Religious Conscience Amendment

This week, the United States Senate narrowly defeated an amendment sponsored by Senator Roy Blunt (R-MO) that was designed to overturn the provision in the Department of Health and Human Services' preventive services rule that requires Catholic institutional ministries to cover certain morally objectionable services.  On a vote of 51-48, the Senate tabled (ended debate on) the Blunt amendment.  All but one Republican Senator voted in support the amendment, and three Democrats – Sens. Bob Casey of Pennsylvania, Joe Manchin of West Virginia and Ben Nelson of Nebraska – voted to support it.  Action now moves to the House of Representatives, where the leadership plans to "mark-up" similar legislation (H.R. 1179) in committee and bring it to a floor vote.


 

February 10, 2012

Revision to Preventative Services Mandate

President Barak Obama took the national stage this morning to announce that his Administration is implementing a policy that “accommodates religious liberty while protecting the health of women.”

He explained that when HHS announced that religious organizations had an extra year to comply with the contraceptive services mandate it was because the Administration intended to take that time to work out concerns expressed by Church-affiliated organizations, such as Catholic hospitals.  In light of the brewing controversy generated by the HHS regulations, however, he has directed his Administration to work out the issue in weeks, rather than taking a year during the transition.

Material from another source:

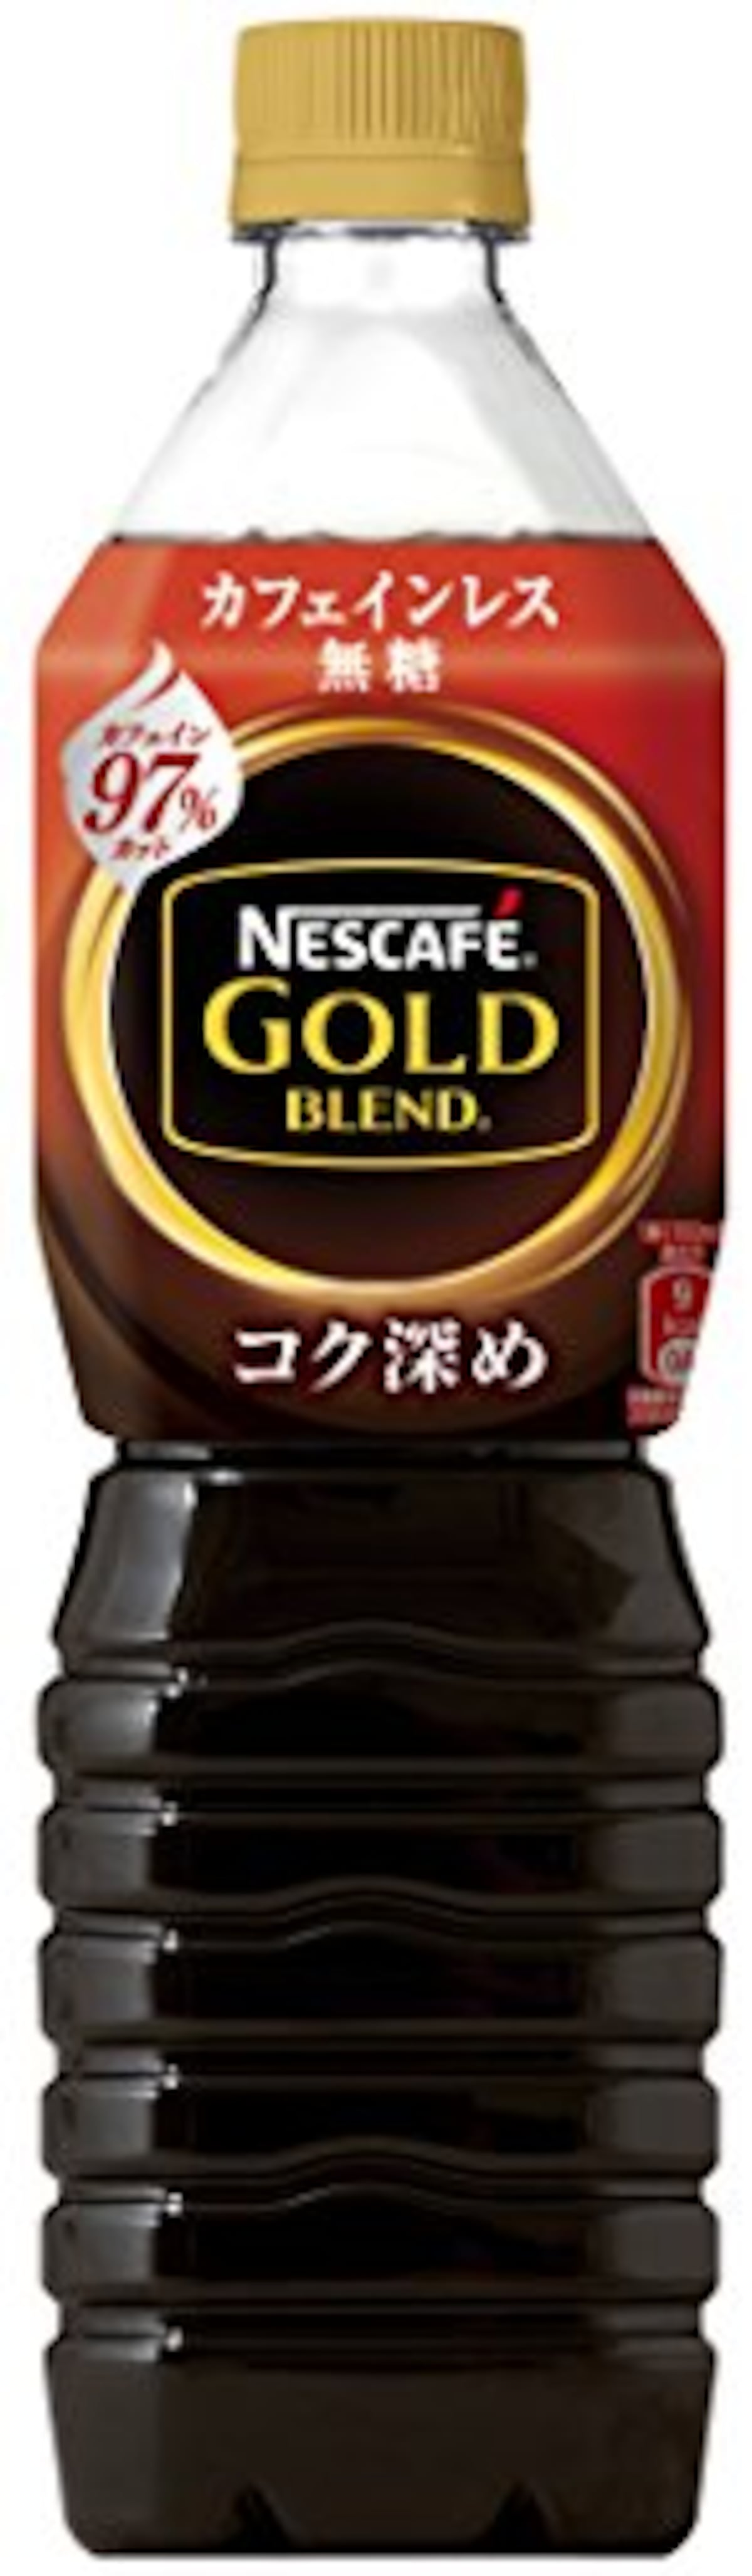 ネスカフェ ゴールドブレンド コク深め ボトルコーヒー 900ml×12本
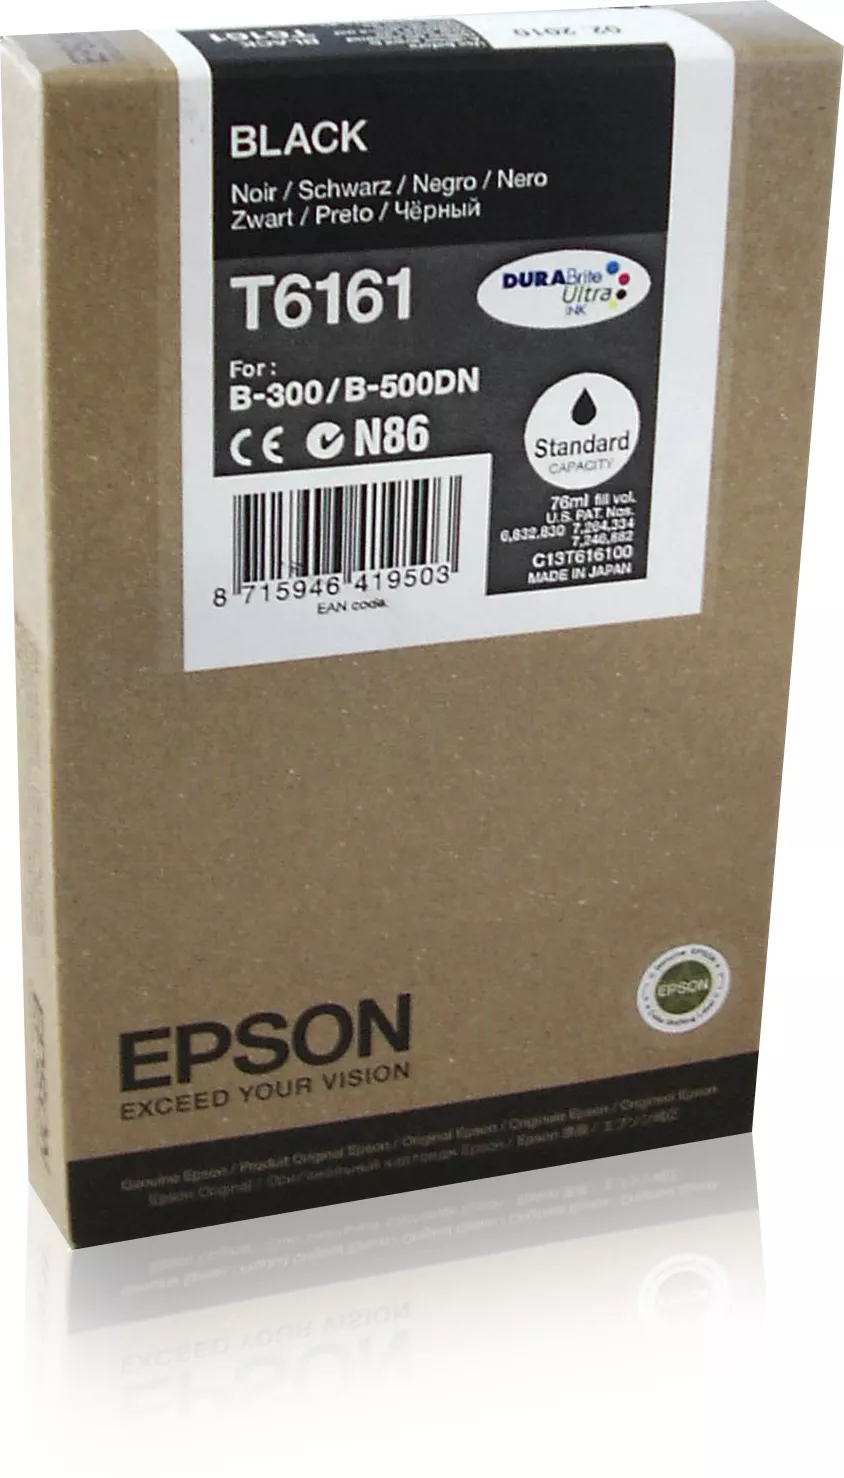 Achat EPSON T6161 cartouche de encre noir capacité standard 76ml au meilleur prix

Although the final regulation will not be published until later today, reports out of the White House indicate there will be no change to the very narrow definition of “religious employer.”  Rather, the Administration is making an accommodation for “non-exempt religious organizations” through a new insurance scheme, which is described in a White House fact sheet as follows:

♦ The new regulation will require insurance companies to cover contraception if the non-exempted religious organization chooses not to.

♦ Religious organizations will not have to provide contraceptive coverage or refer their employees to organizations that provide contraception.  

♦ Under the policy contraception coverage will be offered to women by their employers’ insurance companies directly and be free of charge.

♦ The new policy does not affect existing state requirements concerning contraception coverage.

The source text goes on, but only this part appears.